* [Task statement]:
All of the data should be restated word for word, with the pictures omitted.

* [Stored data]:
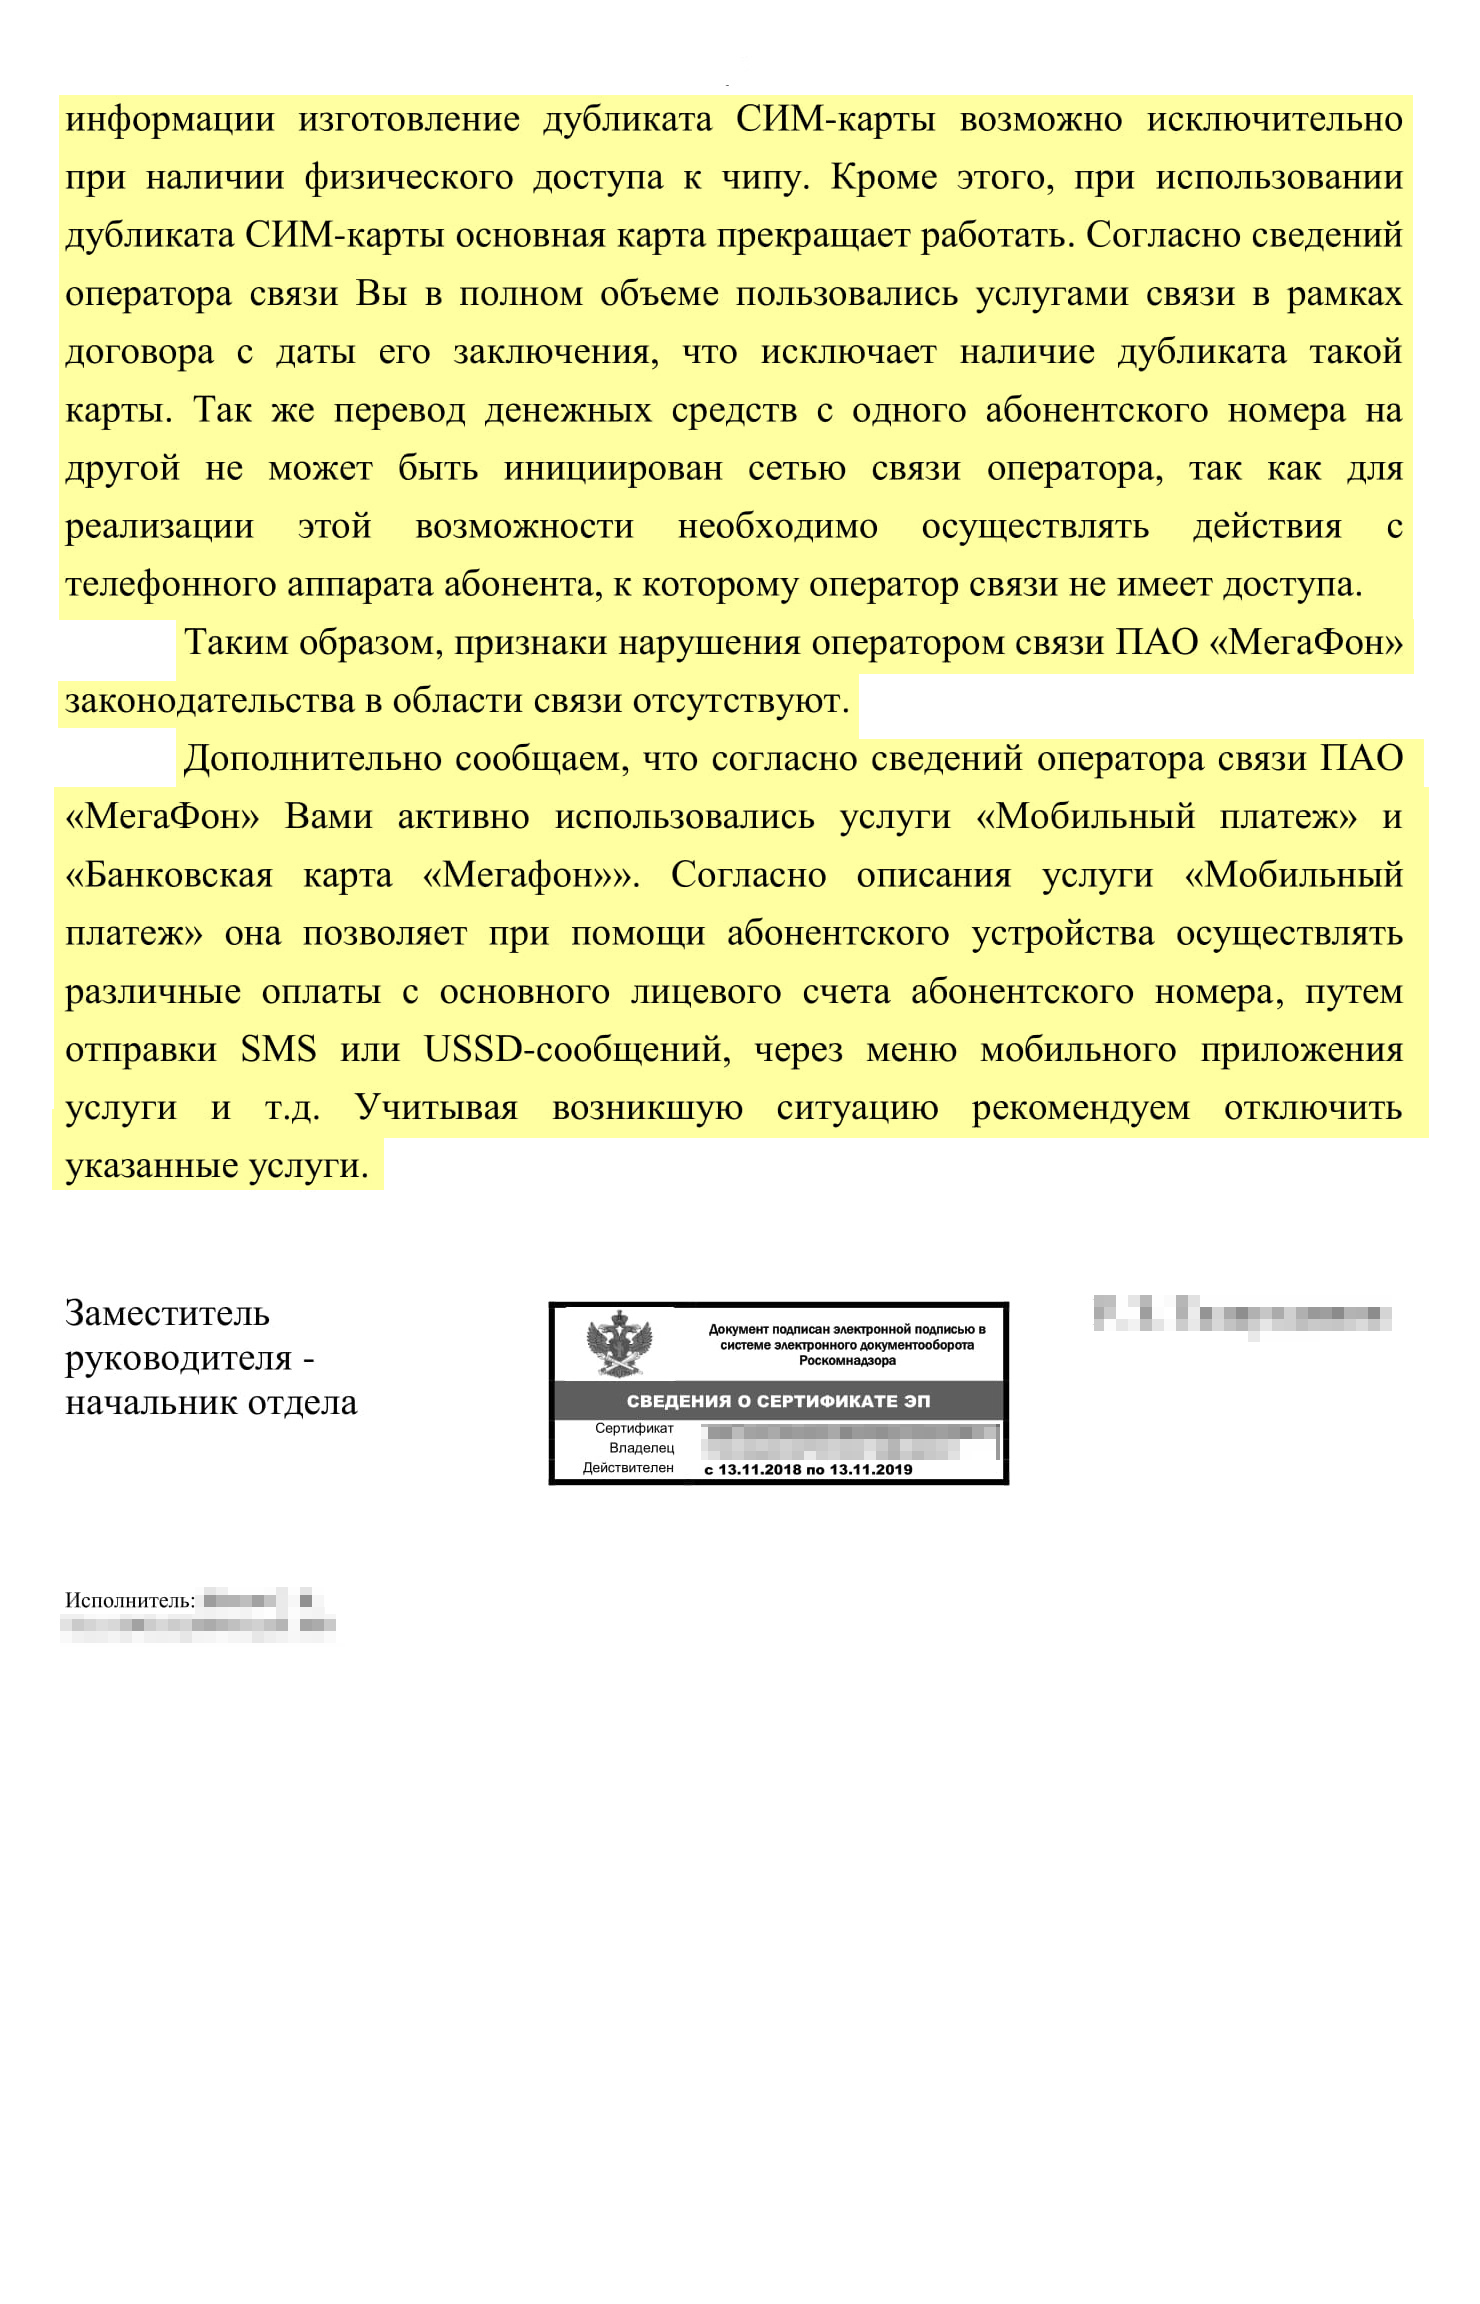 Ответ управления Роскомнадзора по Республике Татарстан: клона симкарты нет, оснований провести проверку — тоже. Очередной формальный подход
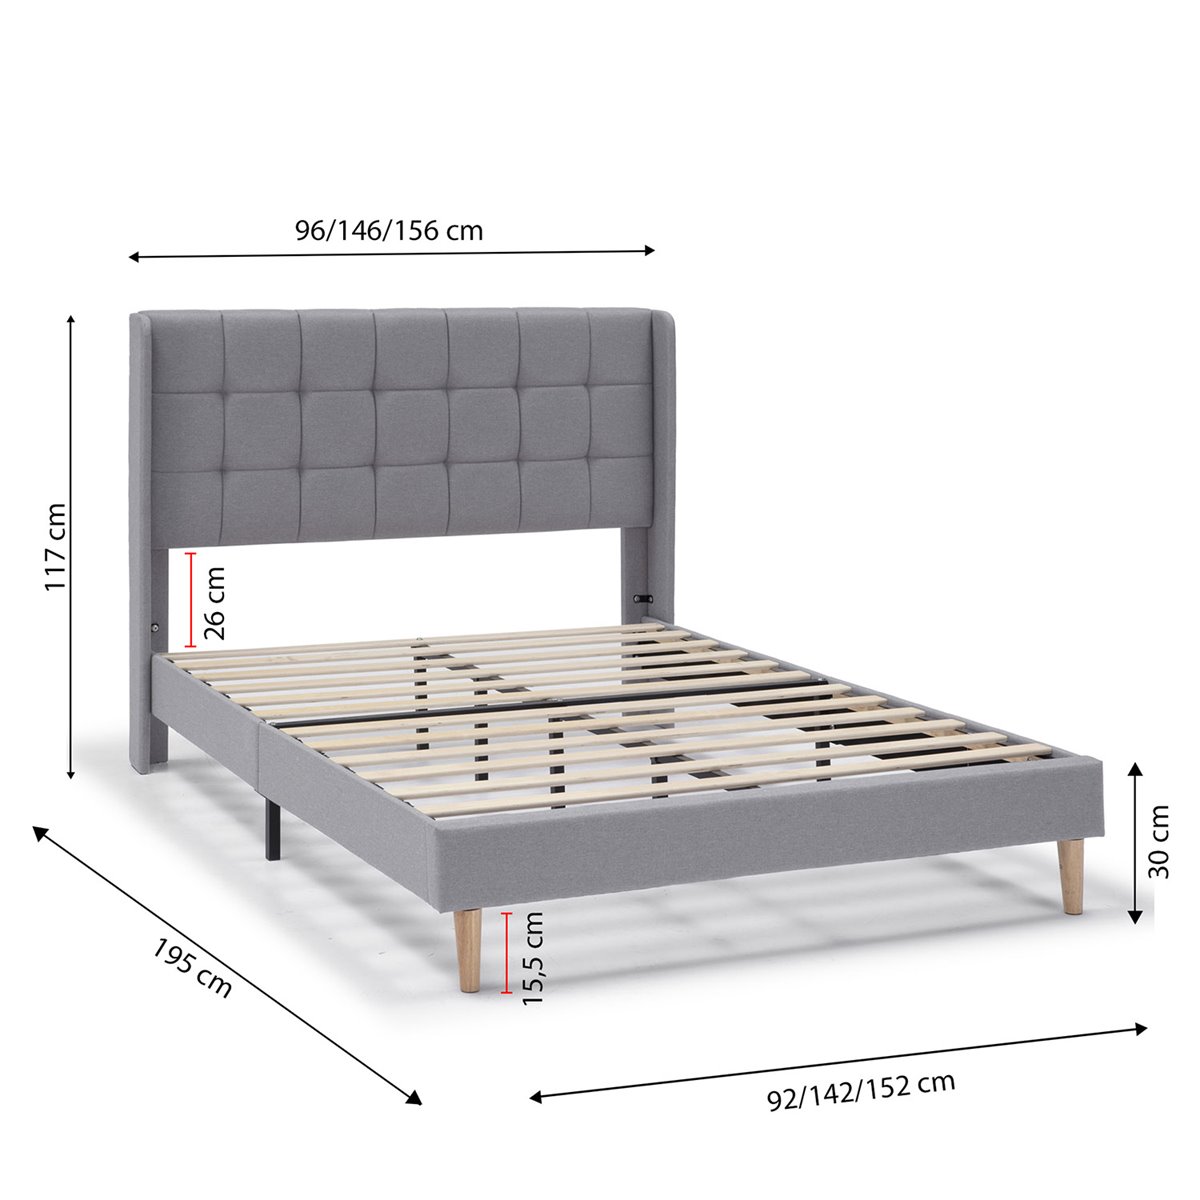 Estructuras de cama a buen precio
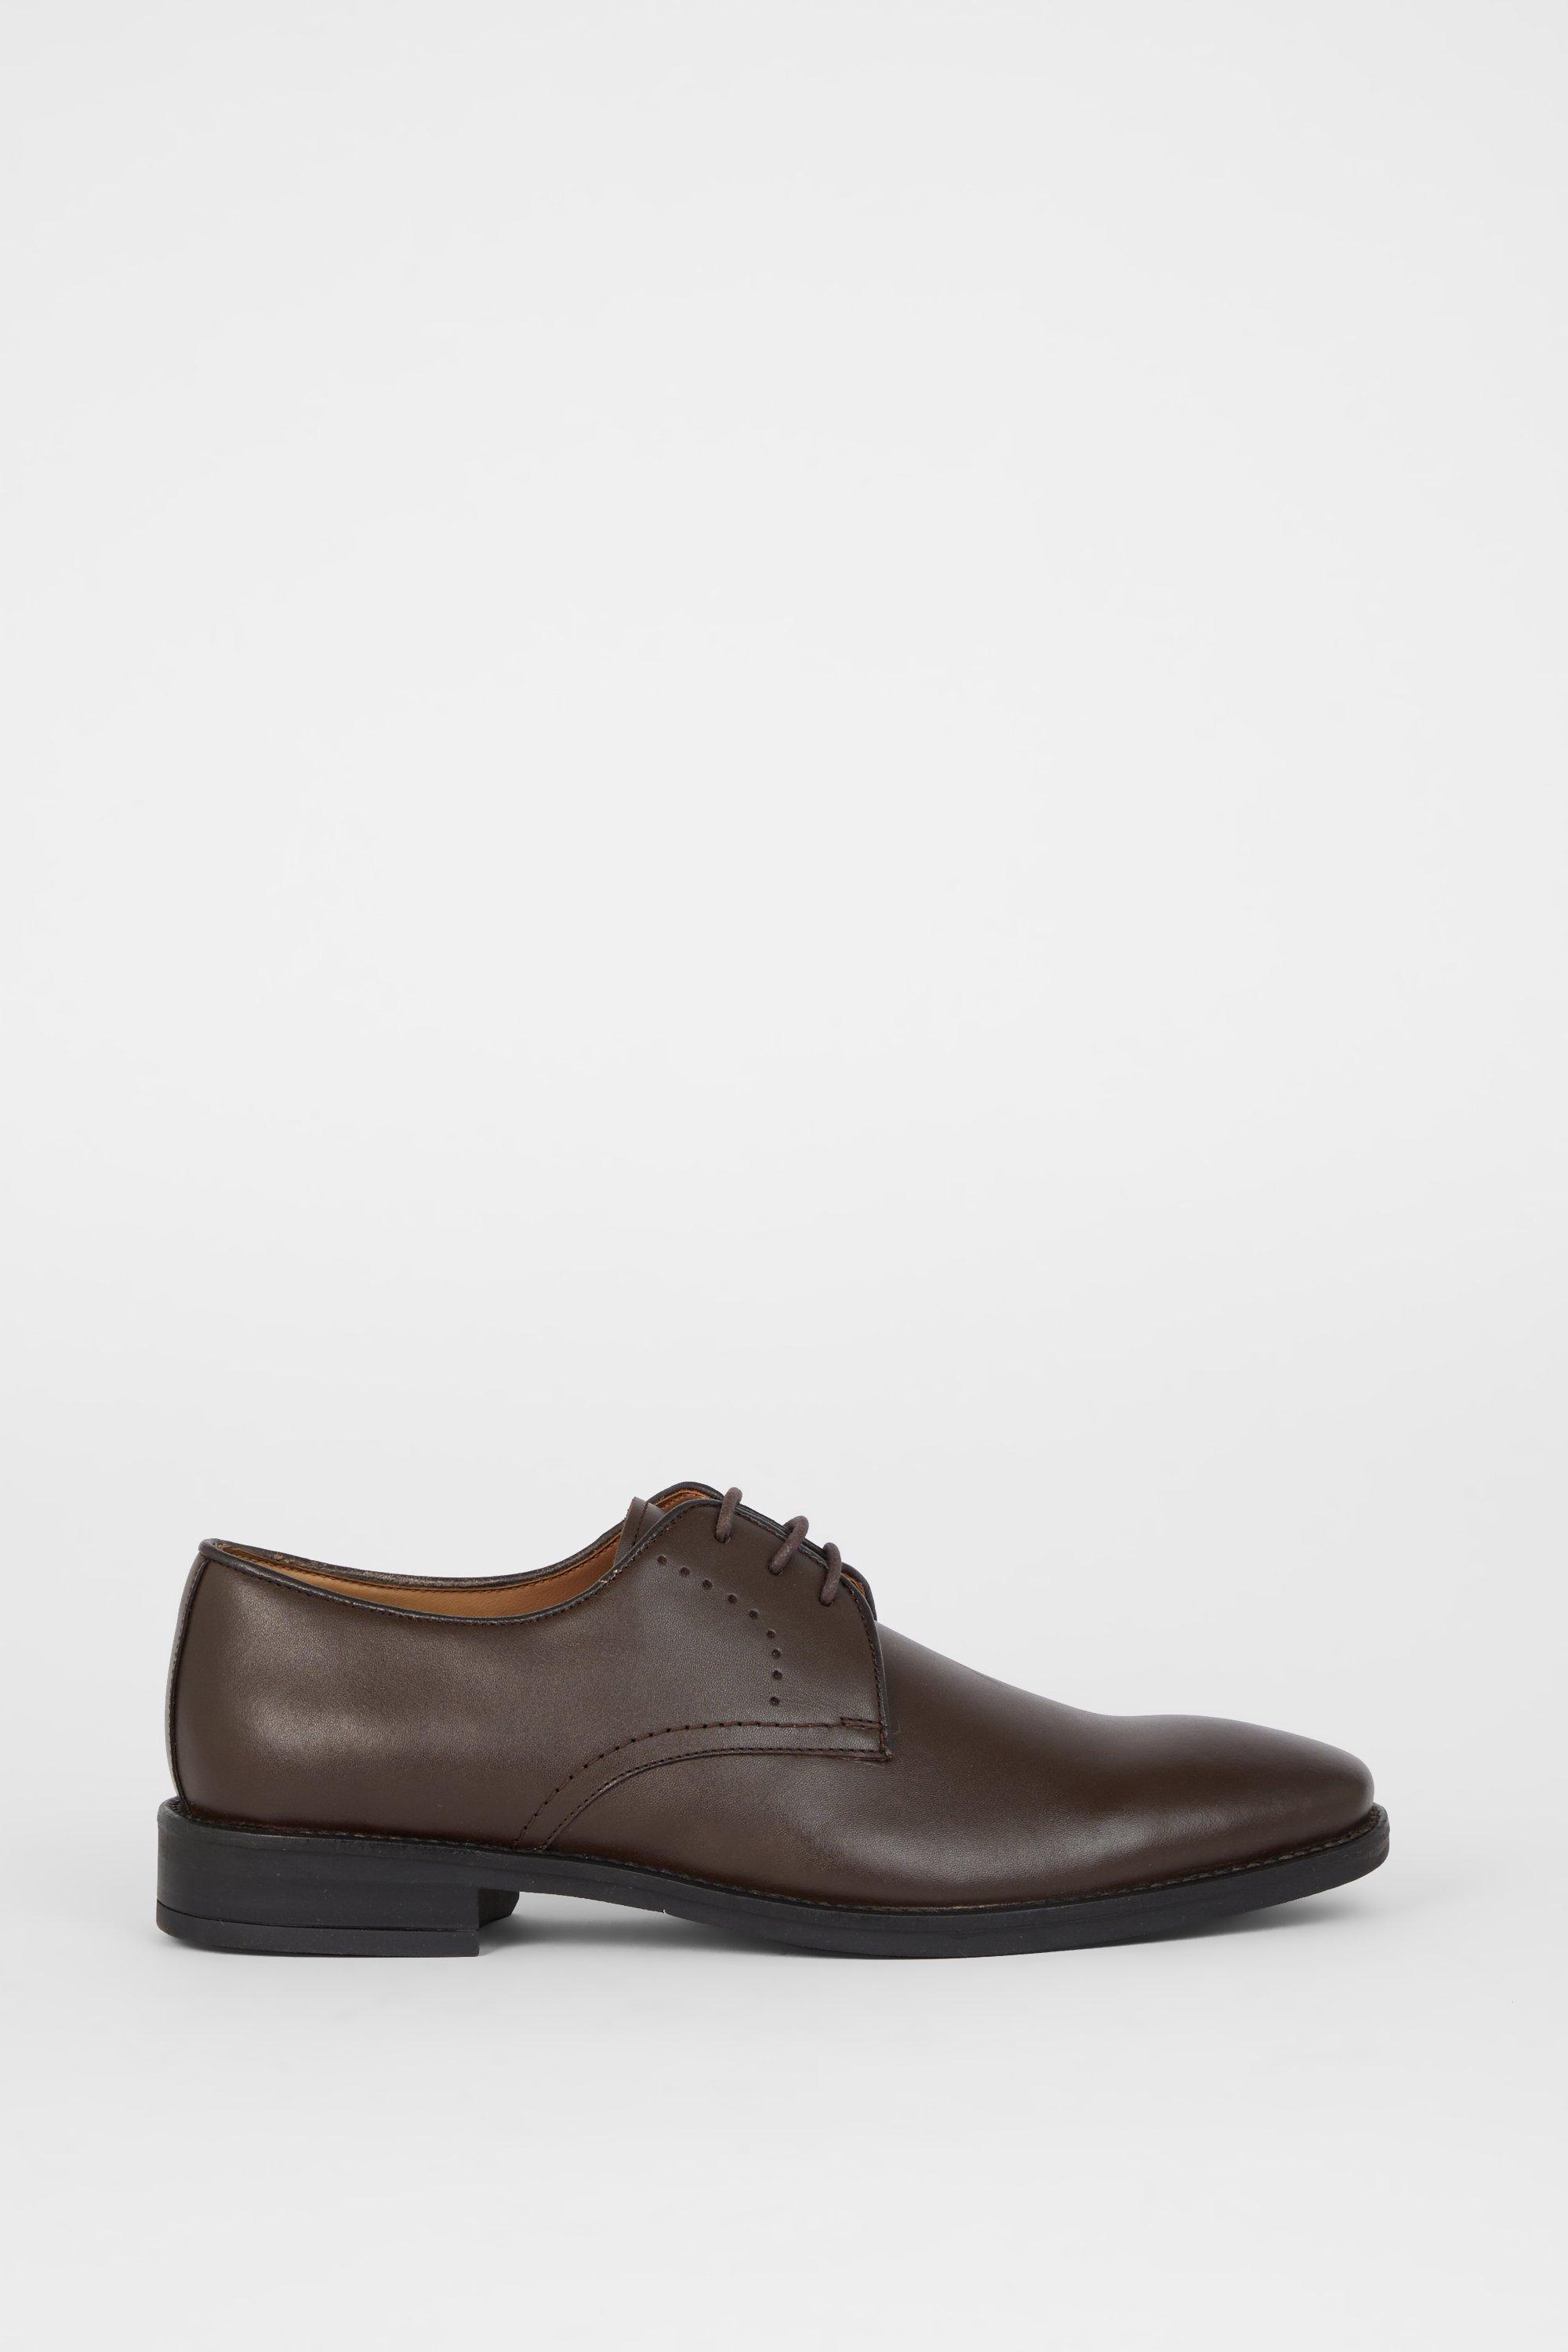 Кожаные туфли дерби Airsoft Comfort с перфорацией на шнуровке Debenhams, коричневый туфли дерби tod s formal черный

* [Exercise answer]:
 Ответ управления Роскомнадзора по Республике Татарстан: клона симкарты нет, оснований провести проверку — тоже. Очередной формальный подход
 Estructuras de cama a buen precio
 Кожаные туфли дерби Airsoft Comfort с перфорацией на шнуровке Debenhams, коричневый туфли дерби tod s formal черный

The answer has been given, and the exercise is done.